Up until that time, the DHRM controlled all hiring decisions. An agency could hire an employee and put them to work, only to be halted after HR finally processed the paperwork and found the new employee to be unsuitable for the job.
“You hire the person, you congratulate them, you put them on payroll, but because we were backed up in paperwork, now I’m calling you and telling you to let them go,” White said.
Central HR decided who got hired, how they’d be paid and when they’d be paid, White said.
“Virtually every decision about your job classification was ultimately determined by us, period,” White said.
To decentralize or not to decentralize became a hot-button issue around the time Virginia decided to move towards that model in 1978, White says. At the time, the state’s decision to hand over more control to individual agencies was viewed as radical. But as more and more states have followed suit, centralized HR systems like those in Tennessee or New York are the odd men out, she said.
“Tennessee and some of the other states teased us for years,” White said. “They said, ‘it’s crazy, letting people make their own decisions.’”
The downside was that agencies could lose out on the economies of scale available through one large, comprehensive HR department working for the whole state. While the DHRM still administers health plans, decentralization gave it a new focus on promulgating policy, Rue said.
But fewer Virginia employees work in HR now than 20 years ago, according to DHRM records.
In 1991, 676 state employees worked in HR jobs. That number stood at 650 in June of this year, making the ratio of employees to HR staff roughly 150 to 1.
Technology advances are partly responsible for fewer HR workers, Rue said. During the last decade, the state made strides toward paperless systems. Now, HR agencies need another surge of updates to get rid of old-fashioned systems that remain—like recording hours worked and paid leave on paper.

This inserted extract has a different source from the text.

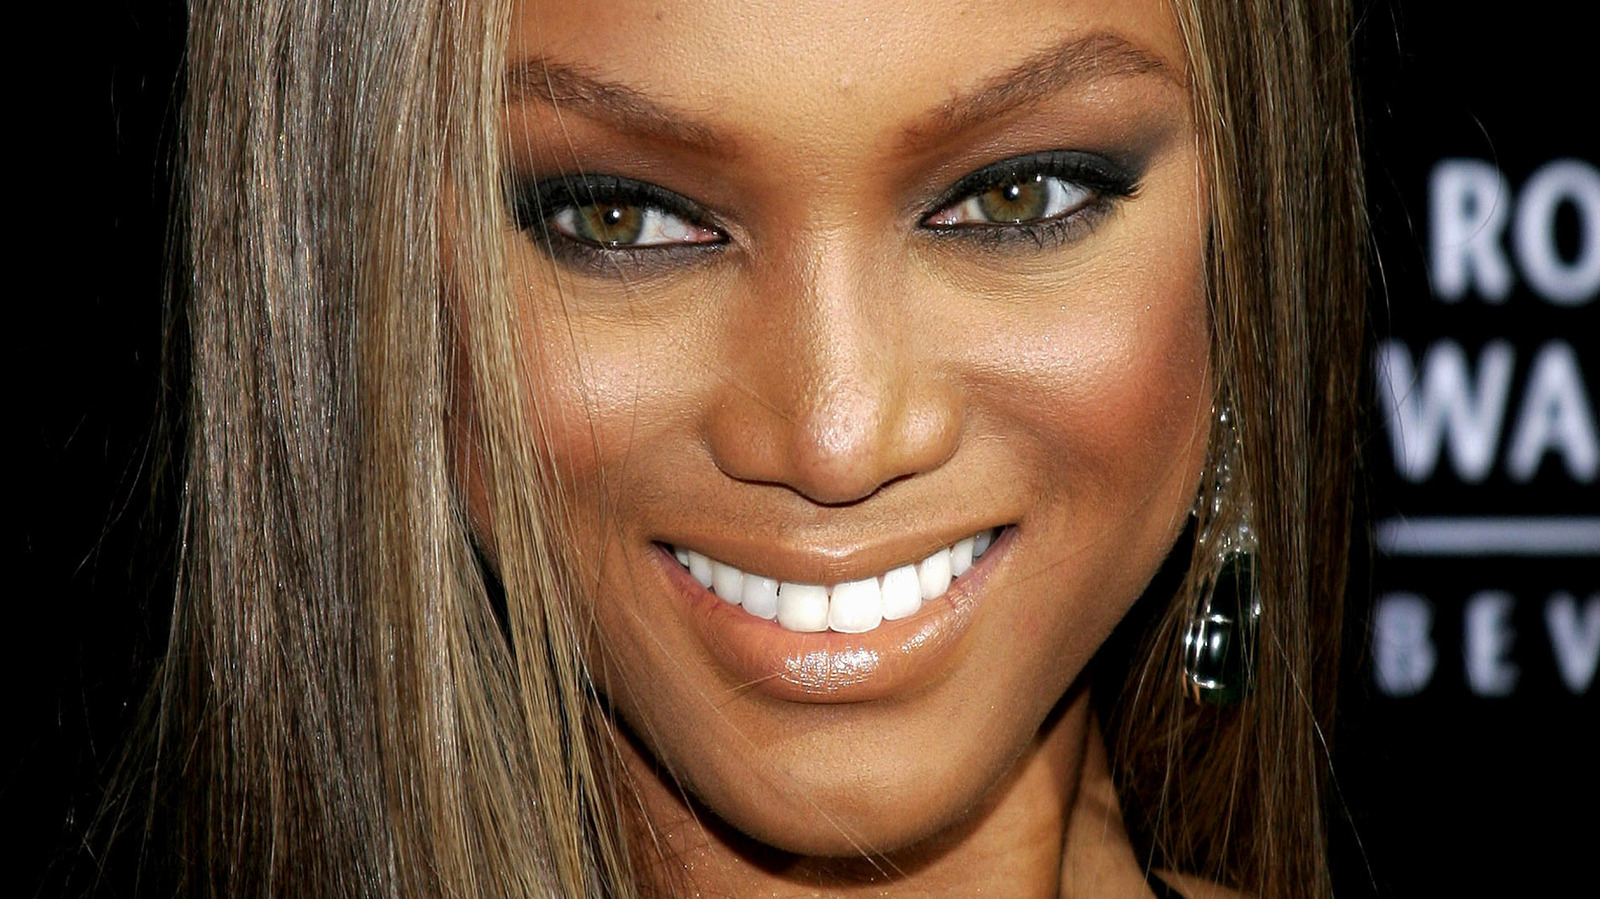 Tyra Banks looks more confident than ever posing in Kim

“Everything just started going 100 miles an hour,” White said. “I feel like we’re at a point where we need that to happen again, but we have no money.”
The antiquated system also bothers Mary Ann Belcher, HR director for the Department of Rehab Services, who oversees the HR needs of 1,460 employees. But as someone who has worked in HR before and after decentralization, she applauds independence at the agency level. Sending every document to Richmond for review took an enormous amount of time and an enormous amount of delay, she says.
“We don’t have a need to have every piece of paper go downtown to be reviewed by two or three people who have thousands of papers to look at to make sure people get paid,” Belcher said.
Decentralizing Virginia’s HR services rescued agencies from the state’s “stranglehold,” White said. But she thinks there are things the state could change to tap into more economies of scale—like updating systems and standardizing more procedures—without returning to the centralized model.
“I like decentralization with good, strong internal controls and policies and training, and we haven’t done that,” White said.